"Mengabarkan Enrekang, Menginspirasi Negeri"

Performa Diego Mauricio yang Membuat Shin Sang-gyu Terkesan! Dimensi Serangan Baru Persebaya Surabaya

Performa Diego Mauricio Menarik Perhatian di Laga Persebaya Surabaya vs Borneo FC

Performa Diego Mauricio langsung mencuri perhatian dalam laga Persebaya Surabaya kontra Borneo FC di pekan ke-15 Super League 2025/2026. Penyerang asal Brasil itu menghadirkan dimensi baru serangan Green Force di mata asisten pelatih Shin Sang-gyu.

Meskipun laga di Stadion Gelora Bung Tomo Surabaya berakhir imbang 2-2, Persebaya Surabaya menunjukkan wajah berbeda dalam membangun serangan. Intensitas permainan meningkat, alur bola lebih rapi, dan pergerakan lini depan terasa lebih hidup.

Shin Sang-gyu menilai hasil akhir memang belum sesuai harapan seluruh elemen tim. Namun, ia menegaskan perkembangan permainan menjadi catatan penting untuk perjalanan Persebaya Surabaya ke depan.

“Hasil pertandingan memang tidak sesuai harapan, namun peningkatan permainan tim menjadi catatan penting, terutama dari sisi kerja kolektif dan performa individu pemain,” kata Shin, Sabtu (20/12/2025).

Pernyataan itu menjadi cermin optimisme tim pelatih melihat progres yang terjadi di lapangan. Sorotan utama Shin mengarah pada performa Diego Mauricio yang menjalani debut sebagai starter musim ini. Pergerakan penyerang 34 tahun itu dinilai memberi warna baru dalam skema ofensif Persebaya Surabaya.

Menurut Shin, kontribusi Diego bukan kejutan karena sudah terlihat jelas selama sesi latihan. Kepercayaan pelatih pun terbayar dengan permainan disiplin dan efektif dari sang penyerang.

Latar Belakang dan Karakteristik Diego Mauricio

Diego Mauricio Machado de Brito datang ke Persebaya Surabaya dengan latar belakang pengalaman panjang di sepak bola profesional. Lahir di Rio de Janeiro pada 25 Juni 1991, Diego membawa karakter penyerang modern yang fleksibel.
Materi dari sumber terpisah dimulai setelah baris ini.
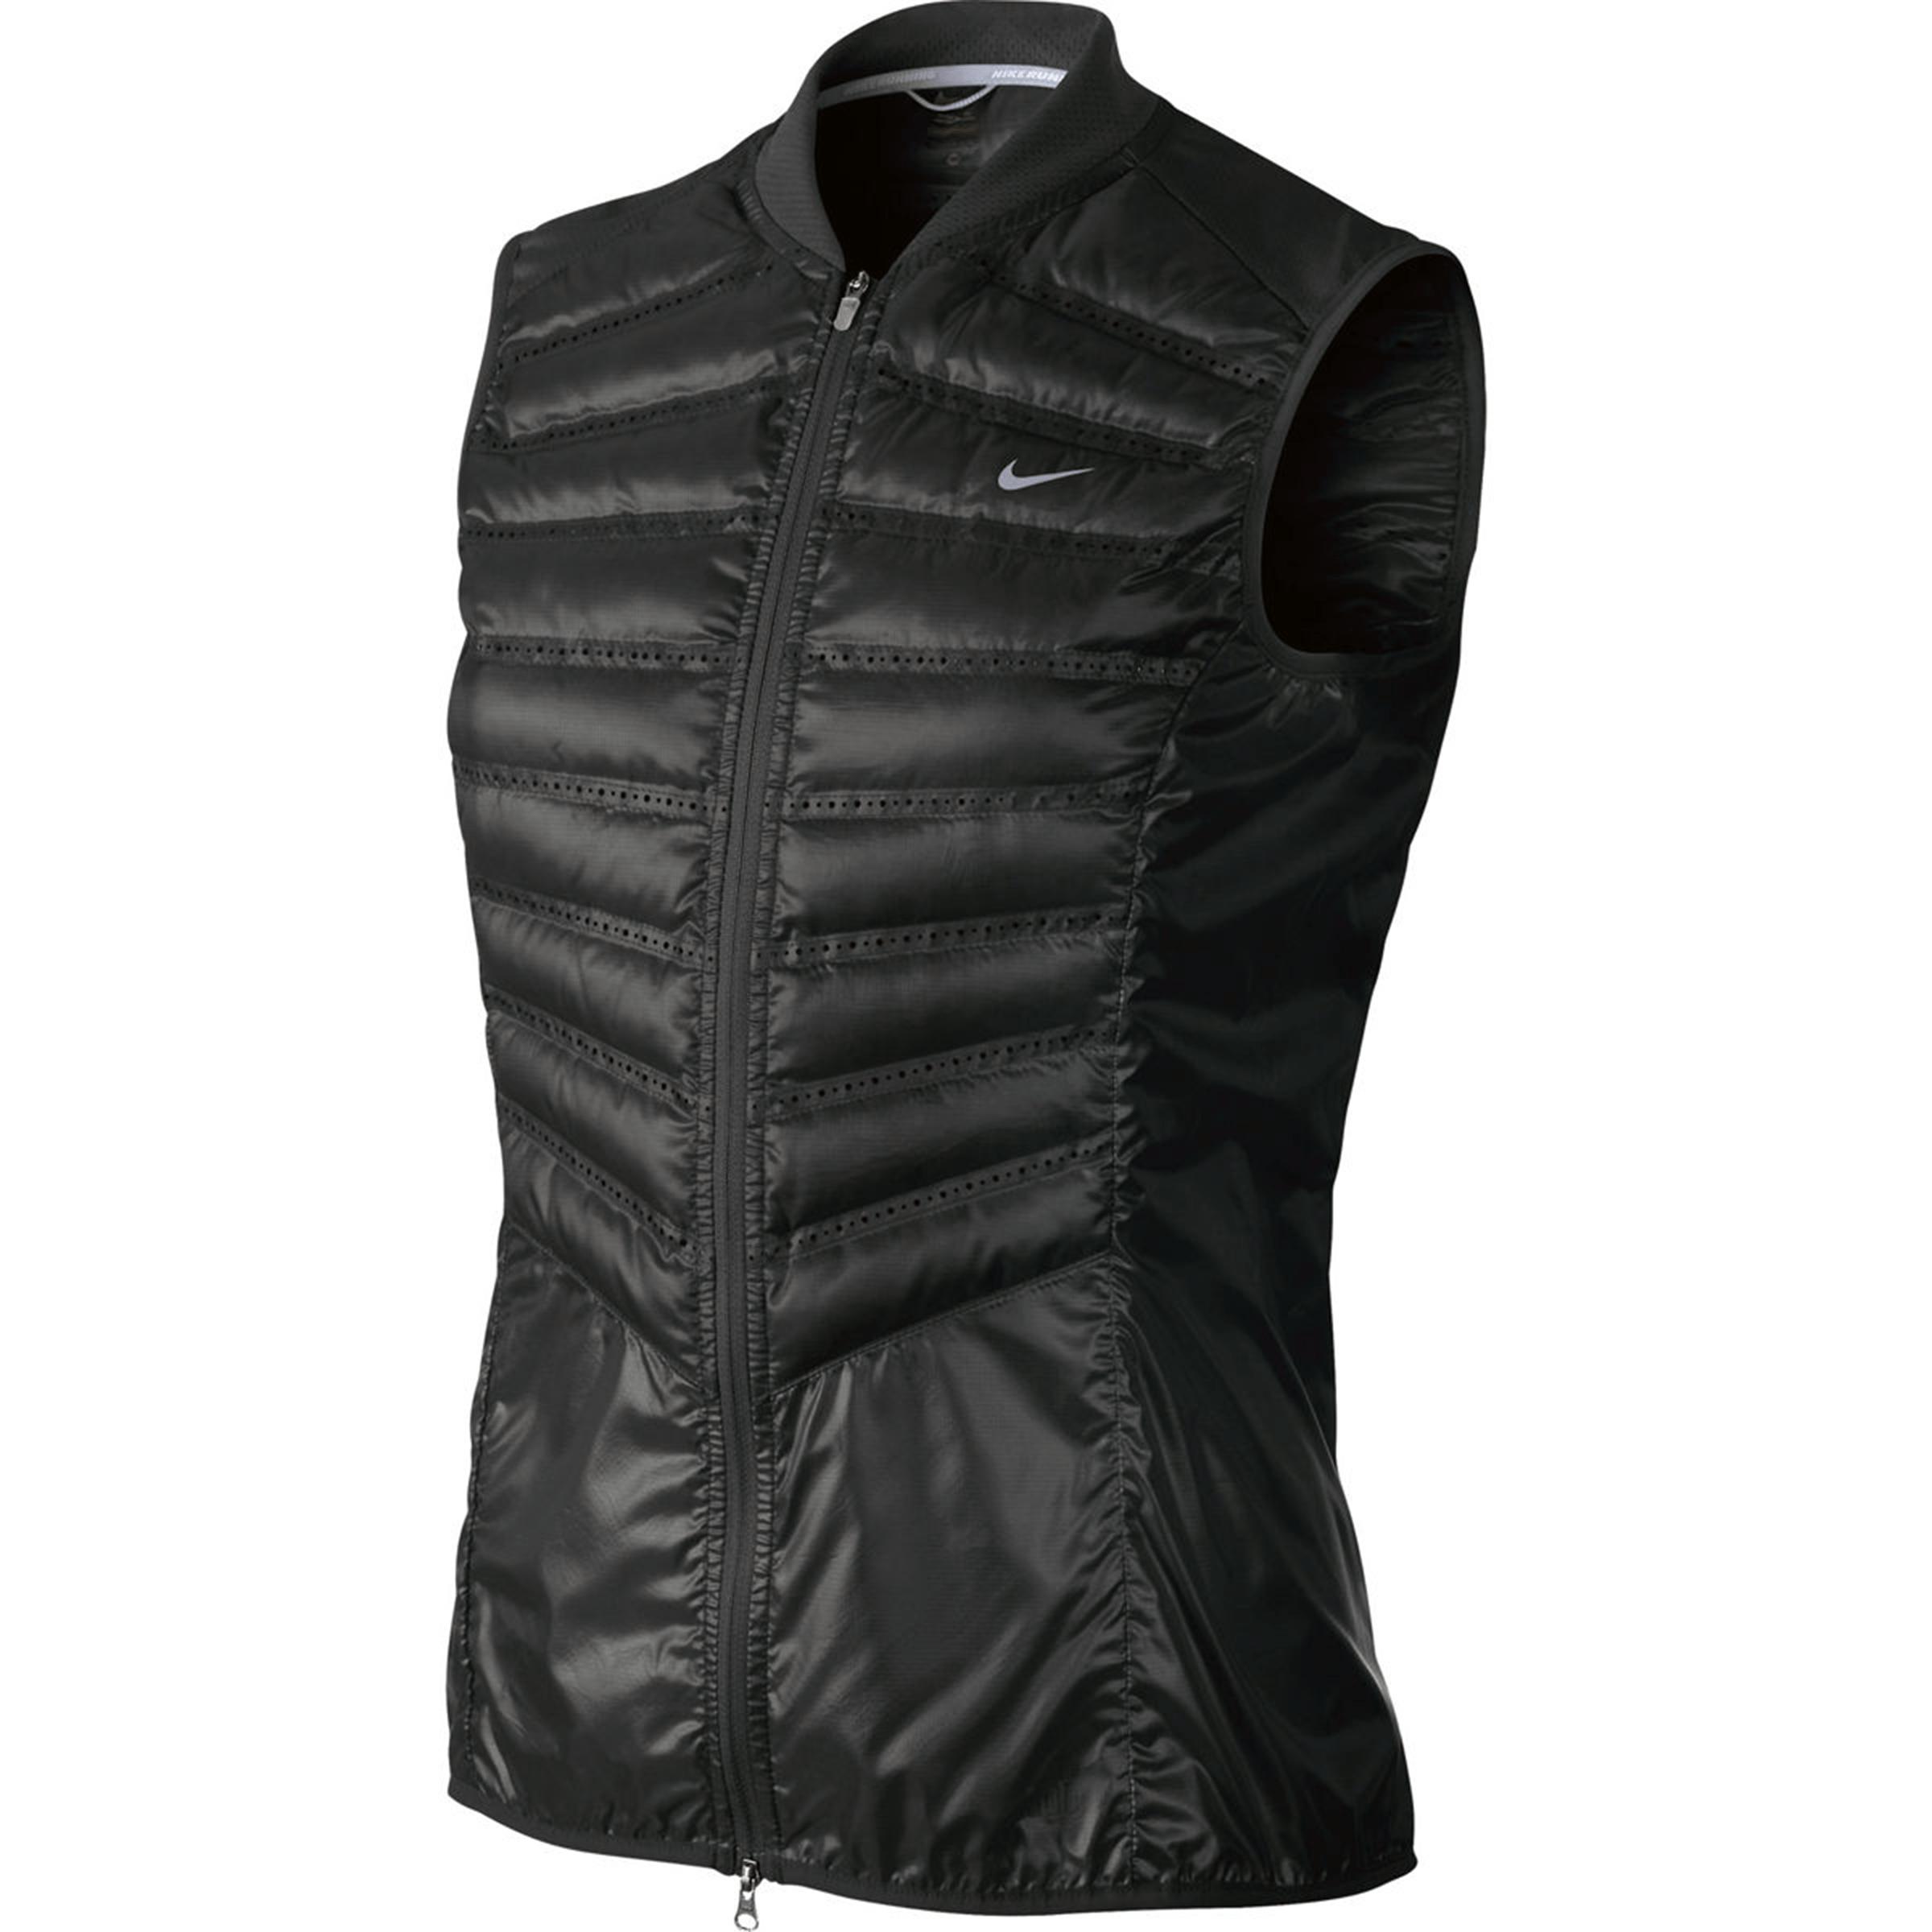 DesignApplause  Nike aeroloft insulated running vest

Dengan tinggi badan 1,83 meter dan kaki dominan kanan, Diego berposisi utama sebagai penyerang depan-tengah. Ia juga mampu bermain sebagai sayap kiri maupun kanan sesuai kebutuhan taktik tim.

Nilai pasar Diego saat ini mencapai Rp 3,91 miliar, mencerminkan kualitas dan reputasinya sebagai penyerang berpengalaman. Persebaya Surabaya resmi mengikatnya sejak 22 Agustus 2025 untuk memperkuat lini serang musim ini.

Kontribusi Diego dalam Laga Melawan Borneo FC

Pada laga melawan Borneo FC, Diego tampil selama 68 menit dengan peran yang cukup sentral. Meski baru sekali bermain, kontribusinya langsung terasa dalam struktur permainan tim.

Secara statistik, Diego mencatat expected goals atau xG sebesar 0,24 dari satu percobaan tembakan. Satu tembakannya tepat sasaran dengan akurasi tembakan mencapai 100 persen.

Efektivitas Diego juga terlihat dari akurasi umpan yang sempurna sepanjang pertandingan. Dari tujuh umpan yang dilepaskan, seluruhnya sukses dan membantu menjaga tempo permainan Persebaya Surabaya.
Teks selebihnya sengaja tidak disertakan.